Tuesday, May 03, 2011

SJC clarifies "unauthorized practice of law"

The Supreme Judicial Court recently released an advisory opinion on Real Estate Bar Association v national Real Estate Information Services. REBA initially sued NREIS over the latter's involvement in real estate closings, arguing that NREIS was conducting the unauthorized practice of law. The case maneuvered its way to the US Court of Appeals which then requested the SJC to clear up what portions of conveyancing constituted the practice of law in Massachusetts. Like most cases, the decision (SJC-10744) is lengthy and will take several readings to digest.
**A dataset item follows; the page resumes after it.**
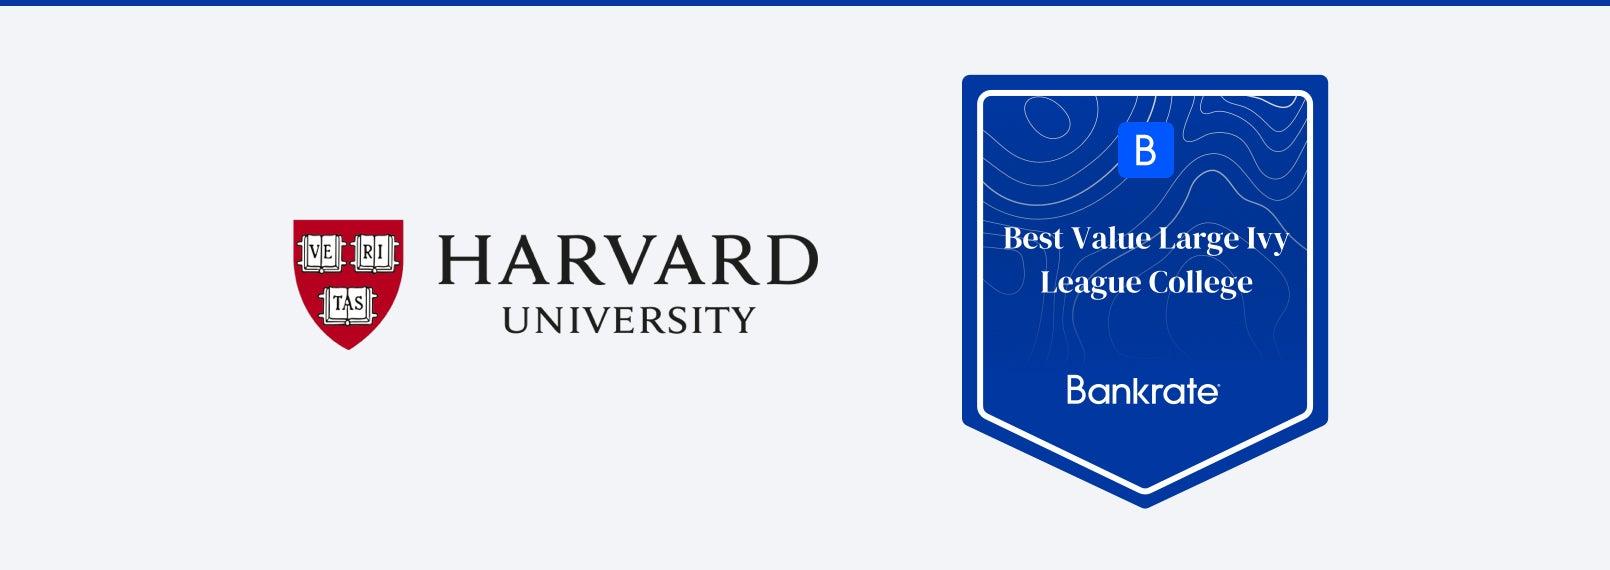 Harvard badge
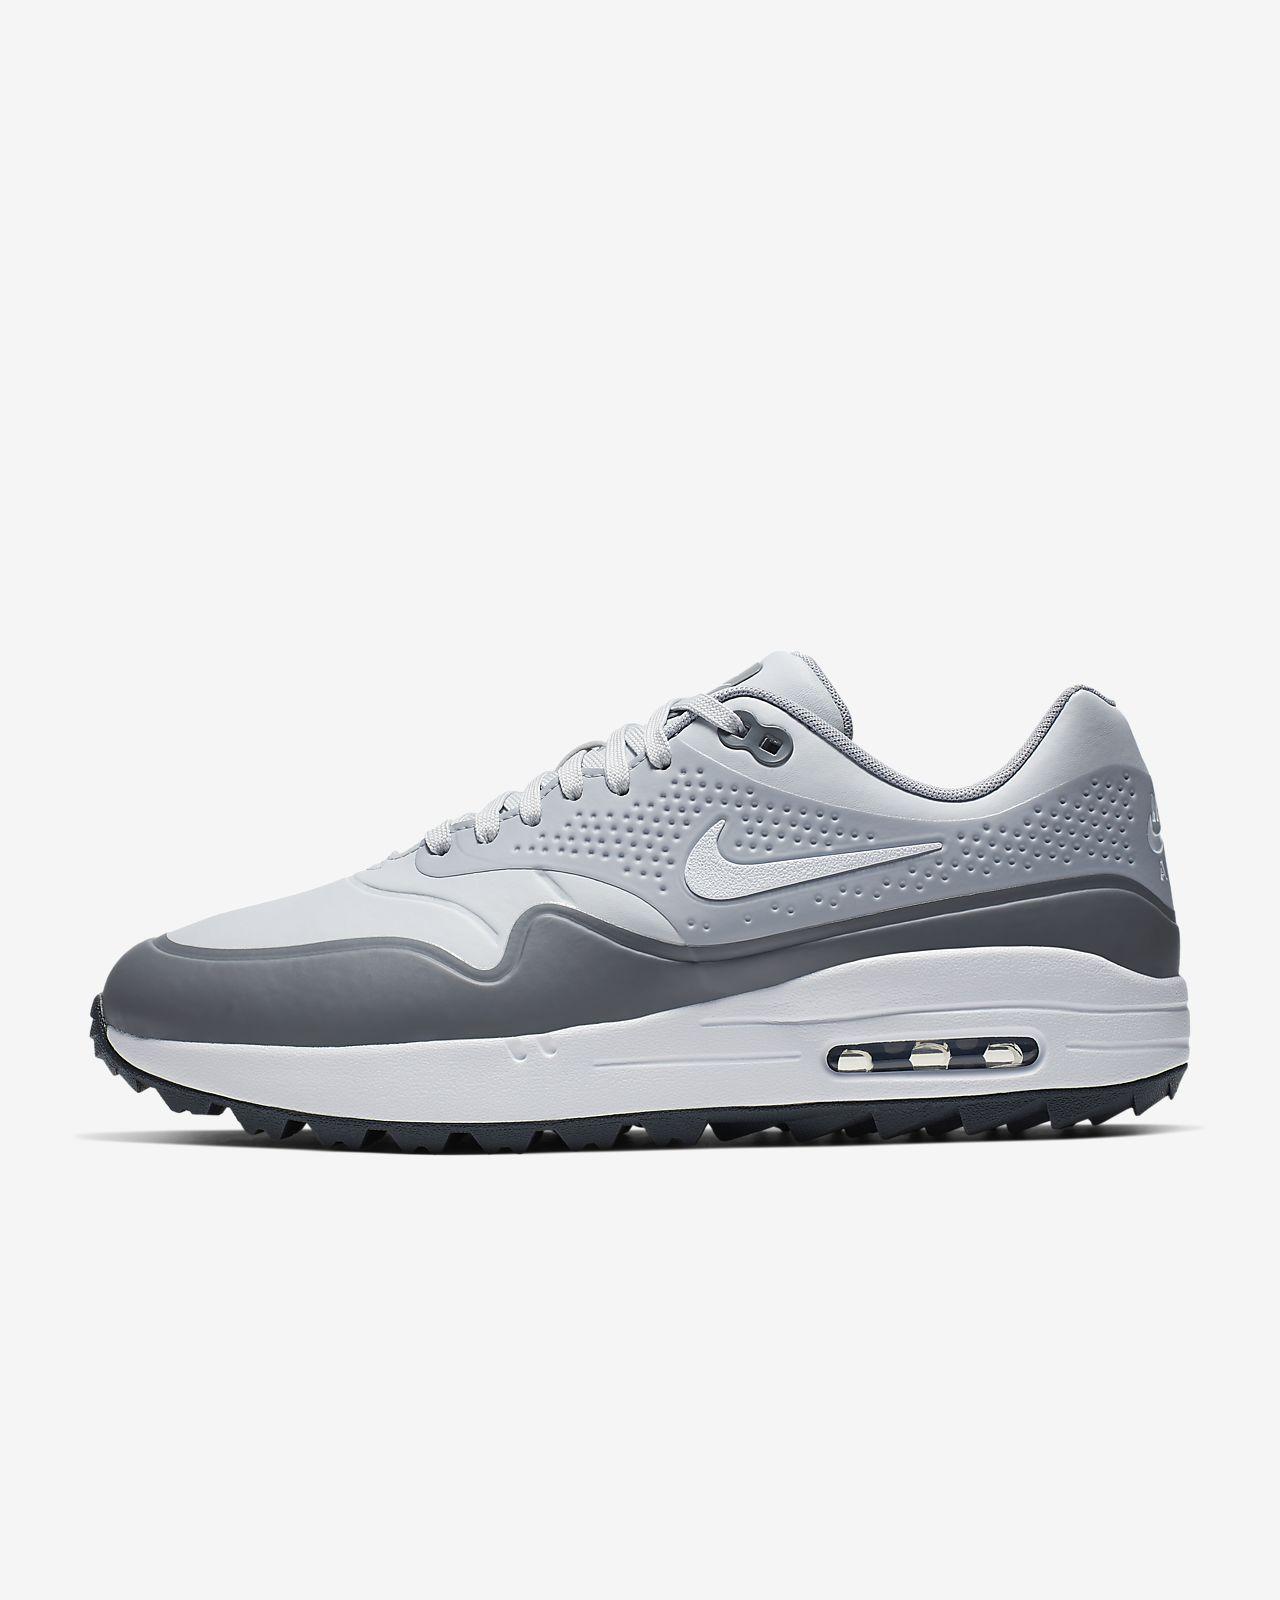 sports shoes dc58f 07507 ... Chaussure de golf Nike Air Max 1 G pour Homme

In the meantime, here are some quotes from the opinion which was authored by Justice Botsford:

"Title examinations and the preparation of title abstracts generally do not constitute the practice of law."

"Providing opinions or advice regarding marketability of title . . . would constitute the practice of law."

"Drafting and preparing documents for others, including documents with legal implications, does not automatically constitute the practice of law."

"Because deeds pertaining to real property directly affect significant legal rights and obligations, the drafting for others of deeds to real property constitutes the practice of law in Massachusetts."

"preparation of settlement statements and other mortgage-related forms . . . does not constitute the practice of law."

"Neither reviewing documents to ensure valid execution nor delivering documents to the appropriate registry of deeds for recording constitutes the practice of law."

"Disbursing mortgage funds does not in and of itself qualify as the practice of law."

"The issuance of insurance policies generally does not constitute the practice of law in Massachusetts."

"A lawyer is a necessary participant at the closing to direct the proper transfer of title and consideration and to document the transaction, thereby protecting the private legal interests at stake as well as the public interest in the continued integrity and reliability of the real property recording and registration systems."

"A post-closing 'rundown' of title to ensure that no encumbrances have been placed on the property prior to recording may constitute the practice of law as part of an over-all determination of marketability of title."

While the SJC opinion is packed with interesting and useful verbiage such as that repeated above, the court makes clear that the absence of key evidence in the record upon which it based its decision prevented the court from giving a clear yes or no answer to this question. I'm not sure what the next step will be, but we'll revisit this case in the coming days.